* _PROVIDED DATA_
---

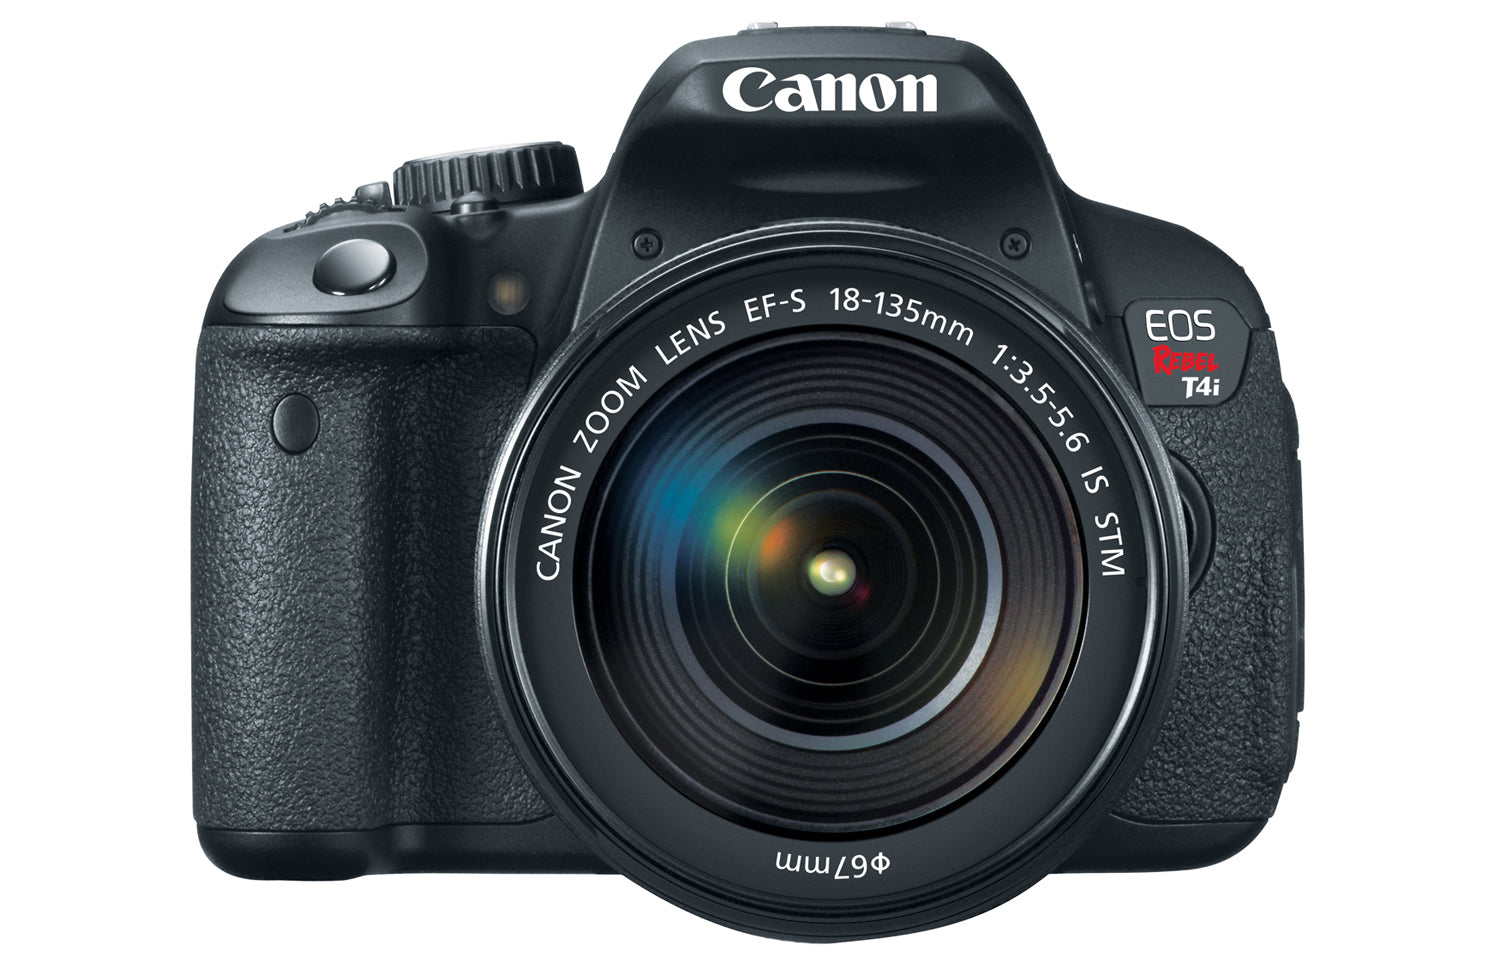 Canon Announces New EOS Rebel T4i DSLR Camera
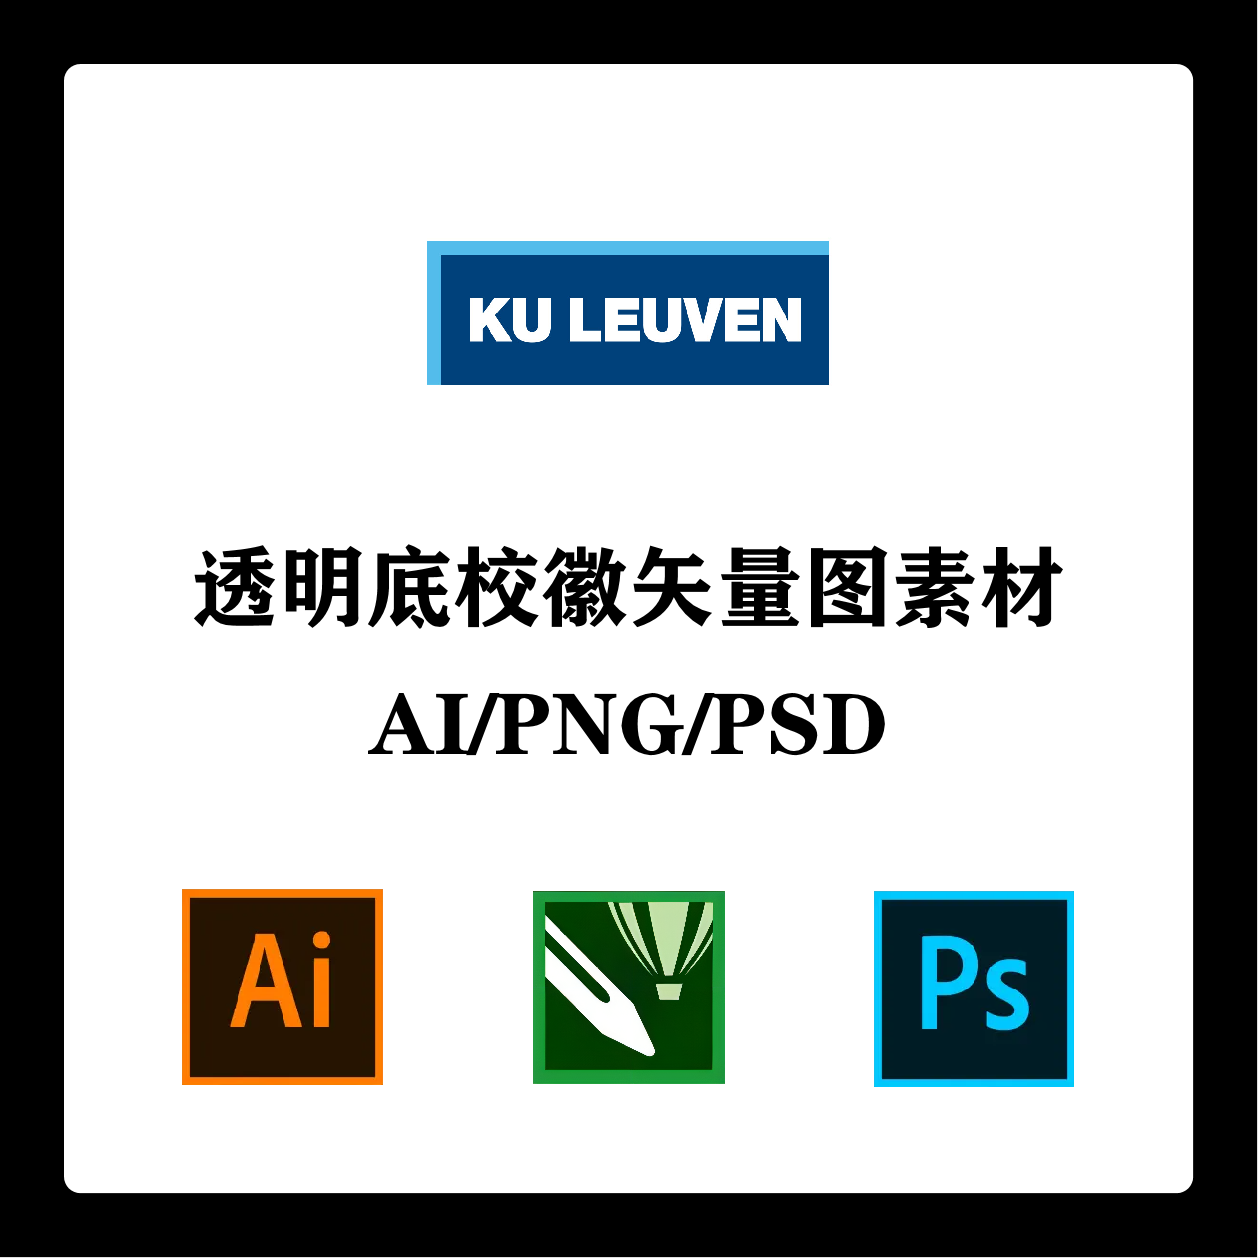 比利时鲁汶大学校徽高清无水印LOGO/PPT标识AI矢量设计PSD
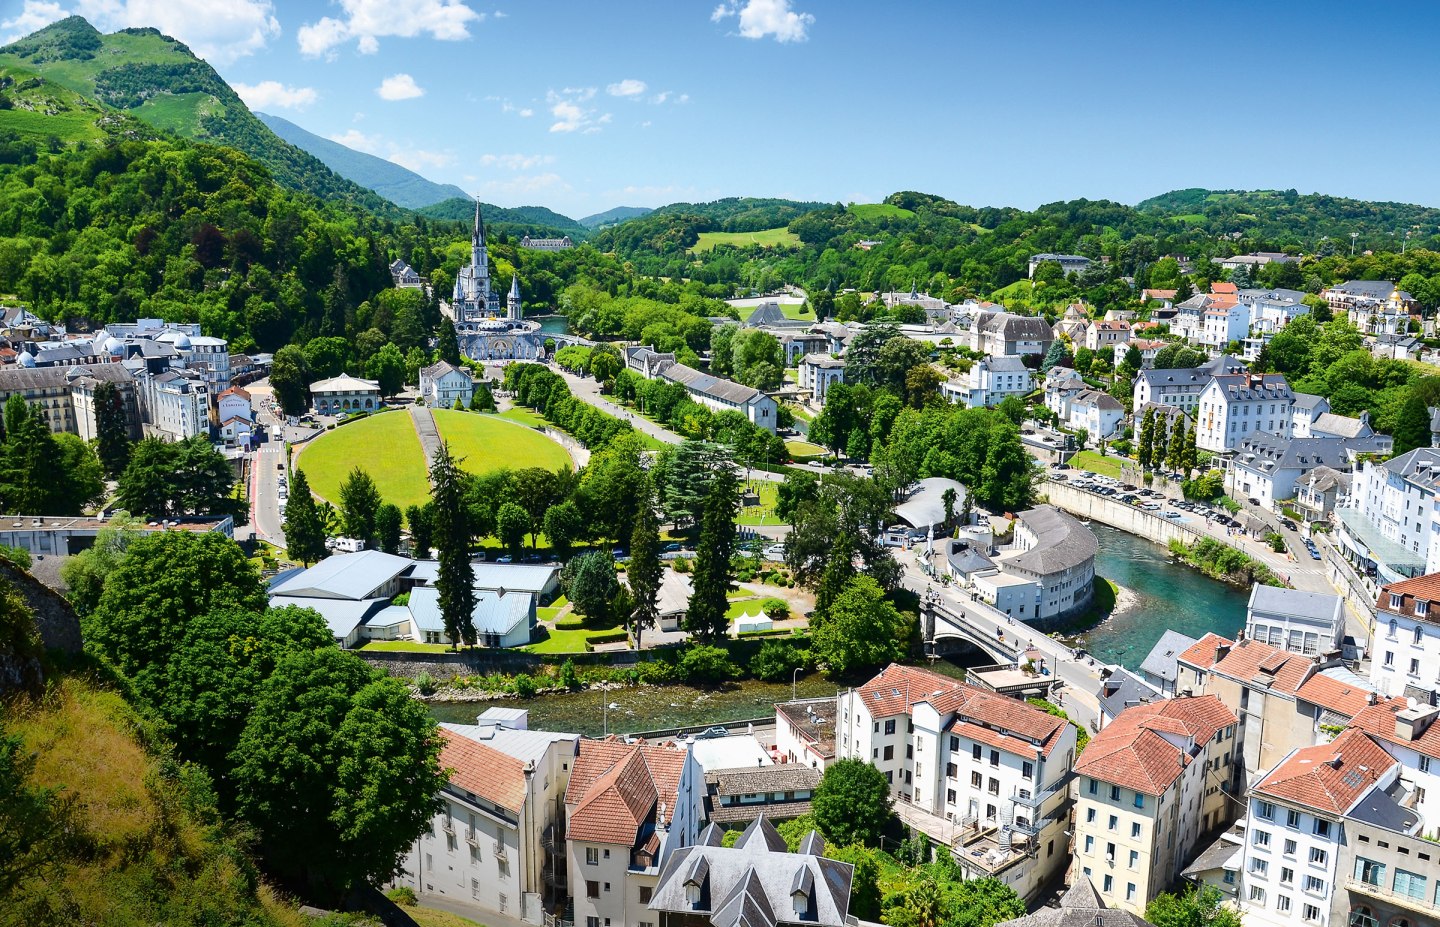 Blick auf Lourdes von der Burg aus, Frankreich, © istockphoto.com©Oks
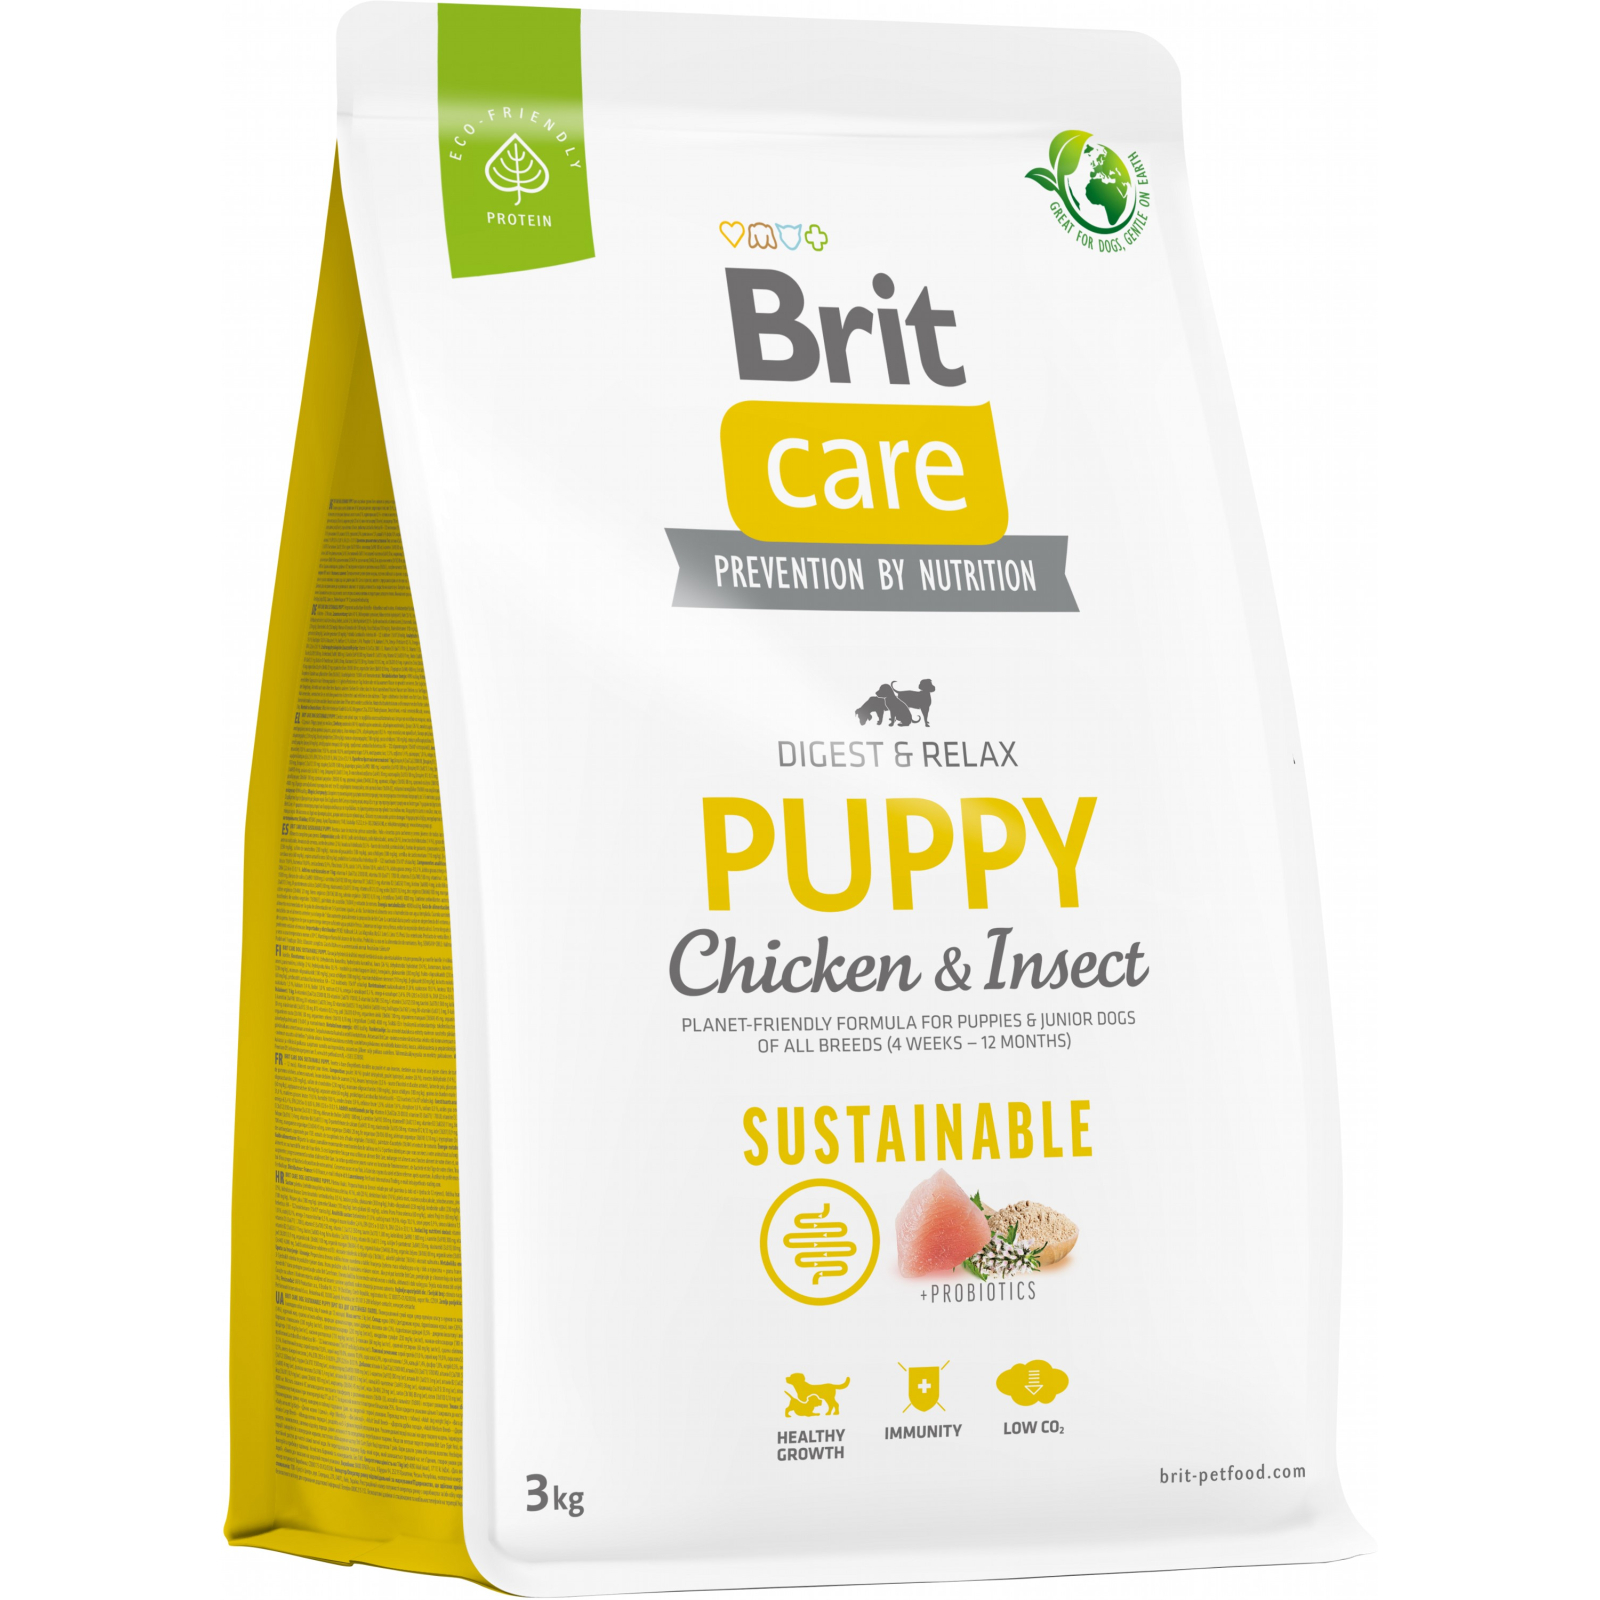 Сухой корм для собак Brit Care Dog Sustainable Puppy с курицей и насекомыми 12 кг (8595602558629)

---

* _TASK OBJECTIVE_
What is needed is the whole listing again, exactly as written, with the images left out.

* _WRITTEN REPLY_
 Canon Announces New EOS Rebel T4i DSLR Camera
 比利时鲁汶大学校徽高清无水印LOGO/PPT标识AI矢量设计PSD
 Blick auf Lourdes von der Burg aus, Frankreich, © istockphoto.com©Oks
 Сухой корм для собак Brit Care Dog Sustainable Puppy с курицей и насекомыми 12 кг (8595602558629)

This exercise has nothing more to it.